$40B Needed To ‘Dramatically’ Reduce Millions Of Child Deaths Annually, Report Says

Two million infants die within 24 hours of birth each year and almost nine million children died before the age of 5 in 2008, according to a report by Save the Children, which says it would take $40 billion annually to “dramatically” cut these numbers, Agence France-Presse reports (Mohiuddin, 10/5).

Most of the millions of children that die before their fifth birthday die from preventable or treatable diseases, including diarrhea, malaria and pneumonia, Save The Children said, Al Jazeera reports. In addition, 97 percent of those children are “from low- or middle-income countries, and disproportionately from the poorest and most marginalized communities within those countries,” the news service writes.

“If people really understood how affordable and feasible it is to prevent these deaths, they’d be shocked,” Charlotte Petri Gomitzka, secretary-general of Save the Children, said about the release of the report, which also coincides with the launch of a campaign. “We know what needs to be done – we need to mobilise resources, to invest in healthcare in developing countries, to tackle under-nutrition, and to pay special attention to the plight of newborns, who continue to die in extraordinarily high numbers,” Gomitzka said (10/5).
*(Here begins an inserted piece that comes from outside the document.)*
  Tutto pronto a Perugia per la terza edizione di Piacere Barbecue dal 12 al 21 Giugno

India Has High Infant Mortality Rate

The report includes research from 14 countries, which showed that “India’s child mortality statistics were particularly stark, with 72 deaths per 1,000 live births,” AFP writes (10/5).
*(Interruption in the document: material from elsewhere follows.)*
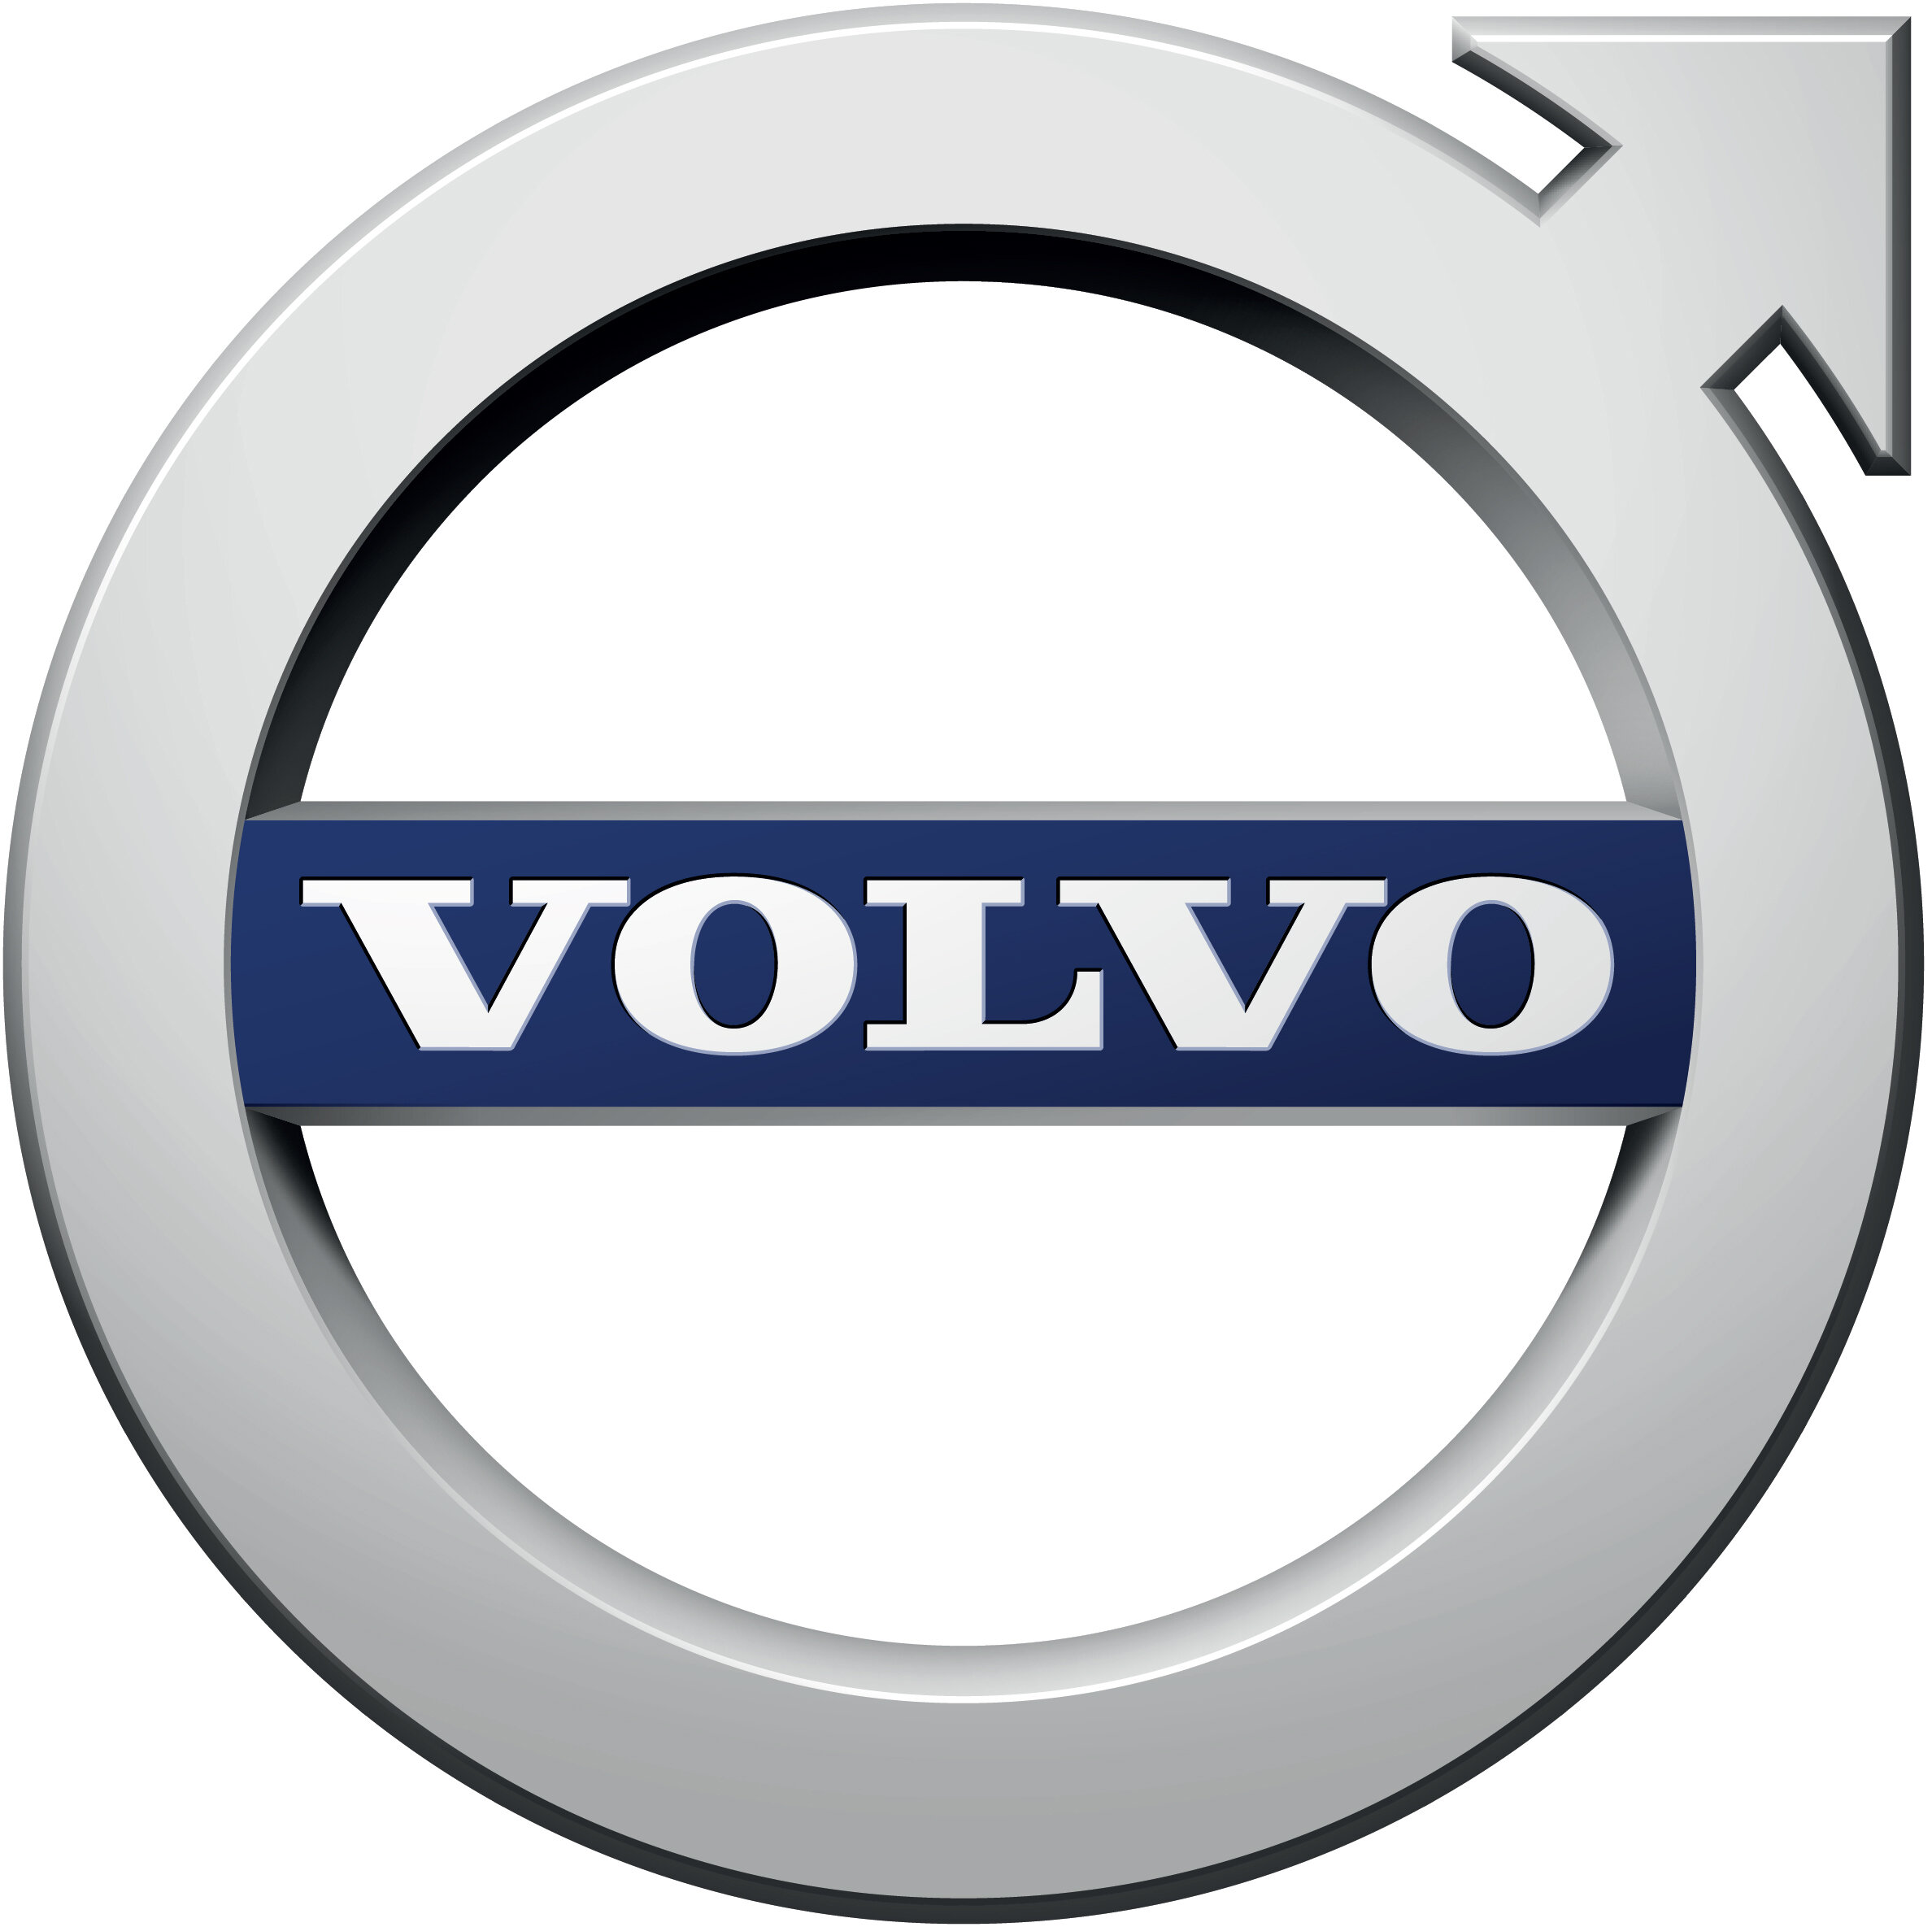 Марка вольво: Volvo C70 - обзор, цены, видео, технические характеристики Вольво С70

Despite it’s “economic growth,” India “has failed to reverse” its infant mortality rate of more than 400,000 infant deaths within 24 hours of birth, “the highest number for any country,” Bloomberg writes (Shankar, 10/5). According to Save the Children, “India accounted for a fifth of infant deaths worldwide,” the BBC reports. “A lack of skilled health workers – both at a child’s birth and in the months after – left children there vulnerable to problems that could be prevented or treated for a ‘very small investment,'” Adrian Lovett, the organization’s campaign director, said (10/5).

According to Reuters, the report finds that based on current trends, India will only meet U.N. Millennium Development Goal targets related to child health by 2020, five years past the deadline. “Poor countries such as Nepal, Bangladesh, Peru and the Philippines that are on track to meet MDG explode the myth that the costs of reducing newborn and child mortality are high,” said Thomas Chandy, Save the Children’s chief executive (Chandaran, 10/5).